Let's dump the related ServiceHost type:
0:025> !do 01287a34
01287a34
Name: System.ServiceModel.ServiceHost
MethodTable: 50e553e8
EEClass: 50e55368
Size: 136(0x88) bytes
(C:\WINDOWS\assembly\GAC_MSIL\System.ServiceModel\3.0.0.0__b77a5c561934e089\System.ServiceModel.dll)
Fields:
MT Field Offset Type VT Attr Value Name
79103c00 4000915 28 System.Boolean 1 instance 0 aborted
79103c00 4000916 29 System.Boolean 1 instance 0 closeCalled
.................................................................................................................
.................................................................................................................

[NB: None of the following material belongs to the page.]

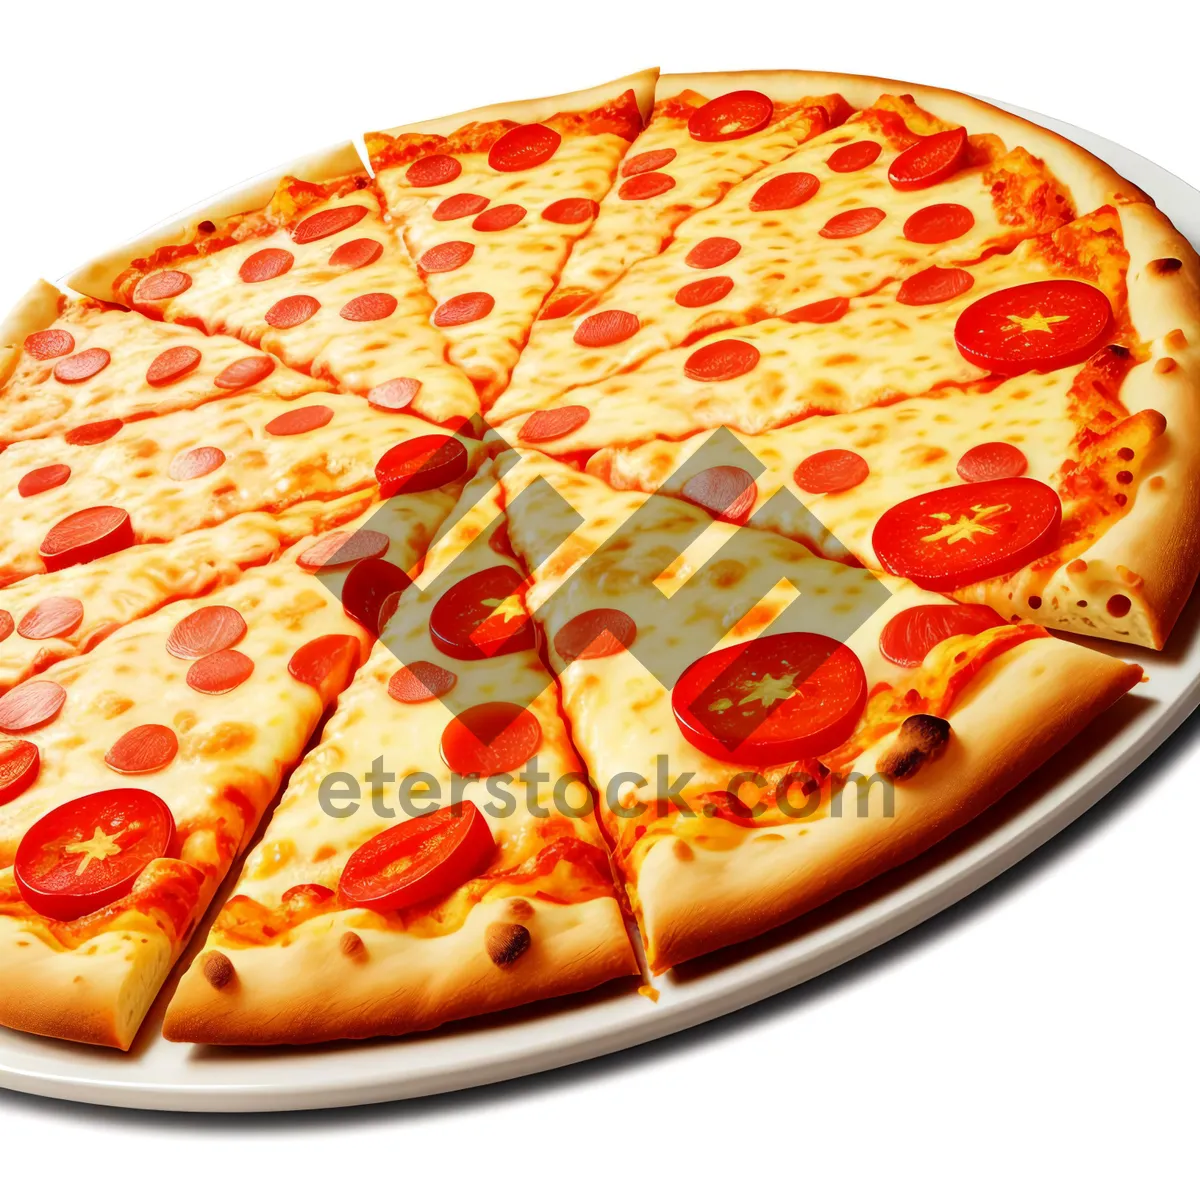 Picture of Gourmet Pizza Slice with Delicious Toppings

50e04530 4002be2 3c ...erviceDescription 0 instance 01287cd0 description
00000000 4002be3 40 0 instance 01287b2c extensions
00000000 4002be4 44 0 instance 012d6834 externalBaseAddresses
00000000 4002be5 48 0 instance 01293a80 implementedContracts
50e124c0 4002be6 4c ...nceContextManager 0 instance 01287b58 instances
7910b5d8 4002be7 6c System.TimeSpan 1 instance 01287aa0 openTimeout
50df93e0 4002be8 50 ...rformanceCounters 0 instance 01295ef4 servicePerformanceCounters
50e1272c 4002be9 54 ...r.ServiceThrottle 0 instance 01287b80 serviceThrottle
50e321ac 4002bea 58 ...erviceCredentials 0 instance 00000000 readOnlyCredentials
50e1f218 4002beb 5c ...orizationBehavior 0 instance 012d67ec readOnlyAuthorization
00000000 4002bec 60 0 instance 00000000 UnknownMessageReceived
7a751b00 4002bdd 74c System.Uri 0 static 00fe546c EmptyUri
790f8a7c 4003075 74 System.Object 0 instance 00000000 singletonInstance
790ffe7c 4003076 78 System.Type 0 instance 01057f28 serviceType
50e62118 4003077 7c ...ontractCollection 0 instance 01287e00 reflectedContracts
7910b450 4003078 80 System.IDisposable 0 instance 00000000 disposableInstance
The name of the endpoint can be found in this ServiceDescription
0:025> !do 01287cd0
Name: System.ServiceModel.Description.ServiceDescription
MethodTable: 50e04530
EEClass: 50e04478
Size: 32(0x20) bytes
(C:\WINDOWS\assembly\GAC_MSIL\System.ServiceModel\3.0.0.0__b77a5c561934e089\System.ServiceModel.dll)
Fields:
MT Field Offset Type VT Attr Value Name
00000000 400306f 4 0 instance 01287cf0 behaviors
790f9244 4003070 8 System.String 0 instance 01287d9c configurationName
50dd0b68 4003071 c ...ndpointCollection 0 instance 01287d28 endpoints
790ffe7c 4003072 10 System.Type 0 instance 01057f28 serviceType
50dda3c4 4003073 14 ...scription.XmlName 0 instance 00000000 serviceName
790f9244 4003074 18 System.String 0 instance 00fe7a2c serviceNamespace
It should be inside configurationName.
0:025> !do 01287d9c
Name: System.String
MethodTable: 790f9244
EEClass: 790f91a4
Size: 100(0x64) bytes
(C:\WINDOWS\assembly\GAC_32\mscorlib\2.0.0.0__b77a5c561934e089\mscorlib.dll)
String: **********. ********.ExternalService
Fields:
MT Field Offset Type VT Attr Value Name
790fdb60 4000096 4 System.Int32 1 instance 42 m_arrayLength
790fdb60 4000097 8 System.Int32 1 instance 41 m_stringLength
790fad38 4000098 c System.Char 1 instance 4d m_firstChar
790f9244 4000099 10 System.String 0 shared static Empty
>> Domain:Value 001475b8:790d57b4 <<
79122994 400009a 14 System.Char[] 0 shared static WhitespaceChars
>> Domain:Value 001475b8:00fc13f4 <<
Here we go. The endpoint which is saturated with the max throttle limit is ExternalService. When the GUI launches it actually contacts this endpoint to get some data.